United States ex rel. Bronzell v. Rundle

294 F. Supp. 1338 | E.D. Pa. | 1968

MEMORANDUM OPINION

WEINER, District Judge.

In this petition for a writ of habeas corpus the pivotal issue is whether the relator was prejudiced by a conflict of interest created by the representation of multiple defendants by the same attorney.

The record establishes that relator and two accomplices were indicted for aggravated robberies, aggravated assault and battery, carrying concealed deadly weapons and conspiracy. The office of the Public Defender was designated to represent the defendants. Verdicts of guilty were entered against all defendants, on which sentences were subsequently imposed. Alleging that he was not advised of his right to appeal, the relator filed a petition under “Post-Conviction Hearing Act”. He was granted leave to file motions for new trial nunc pro tunc and arrest of judgment. The issue of prejudicial conflict of interest was decided against relator in the Court of Quarter Sessions and Ap*1339pellate Courts.1 To the extent that this essentially factual question will be determinative of the issue presented, a discussion of the evidence adduced at trial becomes relevant. In reading the testimony we find that the relator, as well as his co-defendants denied any implication in the crimes with which they were charged. Obviously, at this point in the proceedings there was not a conflict of interest. Relator’s contention is that at the time of sentence a conflict of interest arose. He argues that as he and his co-defendants had different prior criminal records that counsel then had to make a choice in pleading for each of them and this burden resulted in such ineffective and improper representation resulting in basic and fundamental error. Our further review of the testimony leads us to the conclusion that relator’s allegation is without foundation. We find that counsel exerted equal effort on behalf of all defendants.
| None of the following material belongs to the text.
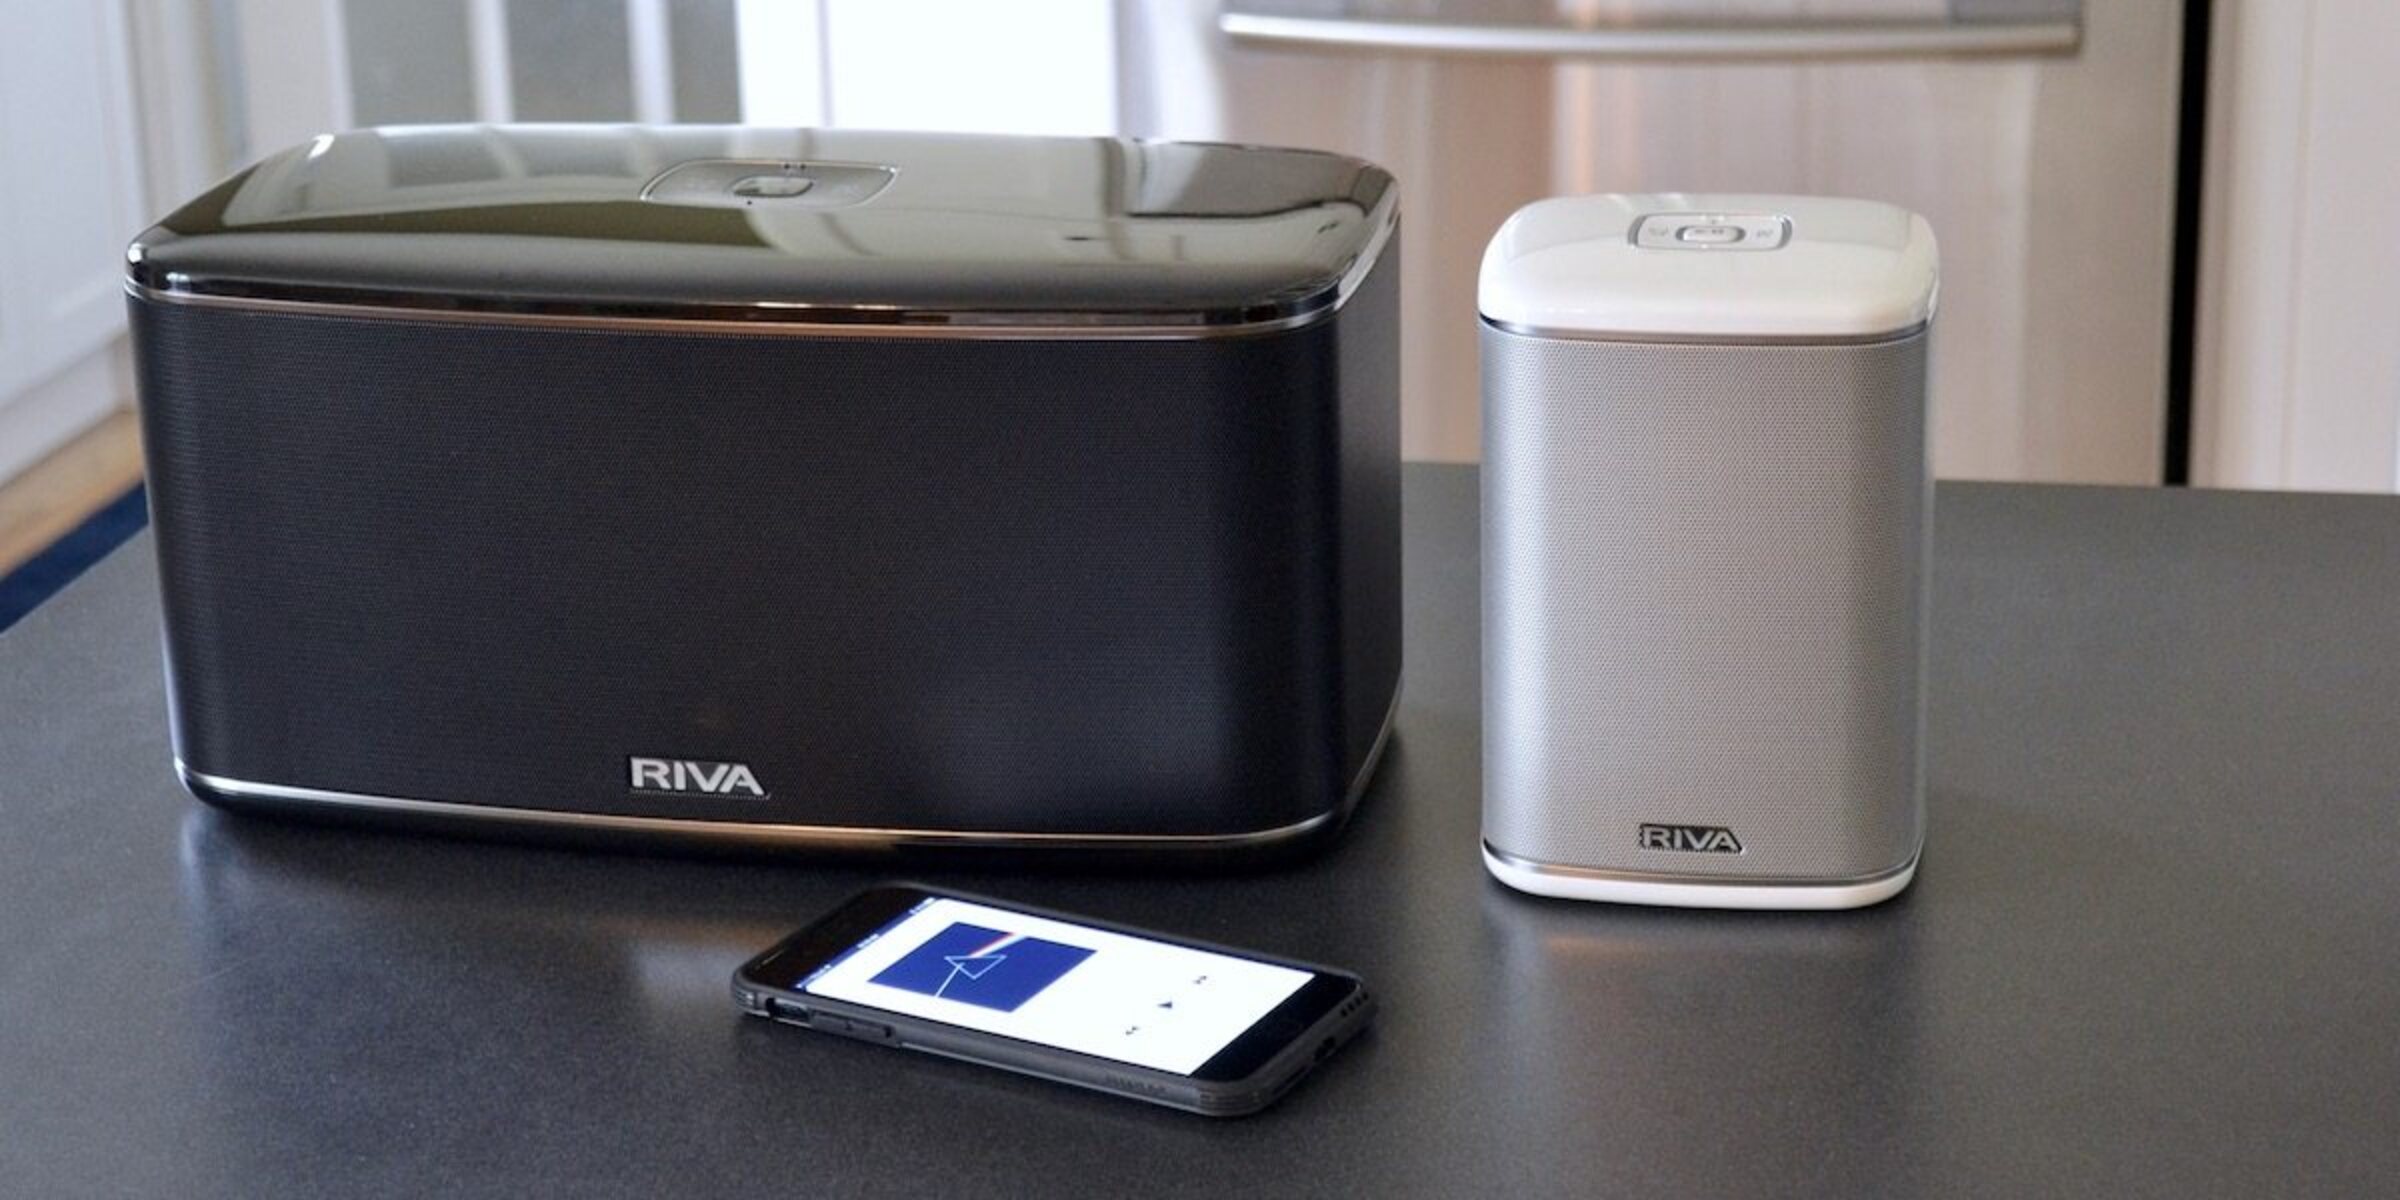 What Does The Riva Premium Wireless Smart Speaker System Come With?

As the Court observed in United States v. Berriel, 371 F.2d 587 (6th Cir. 1967):

“Such an assignment [a single attorney for co-defendants] is not, in itself, a denial of effective assistance of counsel. Since Glasser v. United States, 315 U.S. 60, 62 S.Ct. 457, 86 L.Ed. 680 (1942), it has been clear that some conflict of interest must be shown before an appellant can successfully claim that representation by an attorney also engaged by another defendant deprived him of his right to counsel”.

Underlying our decision is the firm conviction that the record fails to reveal any facts from which we could find the existence of a possible conflict of interest. Relator alleges only the bare fact of multiple representation.

We have carefully considered the relator’s remaining contentions and we deem them lacking in merit. When his case was called for trial a motion for a continuance was made and after hearing reasons assigned in support thereof the trial judge denied the motion. Relator in substance argues that the denial was so arbitrary as to violate due process. The facts defeat his argument. The testimony discloses that the arrest was made on February 16, 1962. The case was first listed for trial on April 25, 1962 and continued to give counsel an adequate opportunity to prepare for trial. Relisted on May 16, 1962, the contentious motion was again made at which time it was denied. In our opinion the decision of the trial judge was well within his range of discretion. It is well settled that a denial of a continuance is within the discretion of the trial court. Ray v. United States, 352 F.2d 521 (5th Cir. 1965), Butler v. United States, 351 F.2d 14 (8th Cir. 1965), cert. denied, 383 U.S. 909, 86 S.Ct. 892, 15 L.Ed.2d 664 (1966) and it is only when the denial of a continuance is so arbitrary as to violate due process that it could be held to be erroneous. United States v. Jones, 369 F.2d 217 (7th Cir. 1966).

We also reject relator’s contention that his counsel was incompetent. We conclude that his attorney exercised the skill and judgment required of a lawyer in defense of his client. A conviction will not be set aside for ineffective representation of counsel unless the service of counsel was of such caliber as to amount to a farce or mockery of justice. Grove v. Wilson, 368 F.2d 414 (9th Cir. 1966); see also, cases cited in Com. ex rel. Crosby v. Rundle, 415 Pa. 81, 87, 202 A.2d 299 (1964).

ORDER

Relator’s petition for a writ of habeas corpus will be denied without prejudice.

We certify probable cause for appeal. It is so ordered.

. Commonwealth v. Bronzell, 211 Pa.Super. 758, 237 A.2d 854 (filed Feb. 13, 1968), allocatur denied, (July 10, 1968).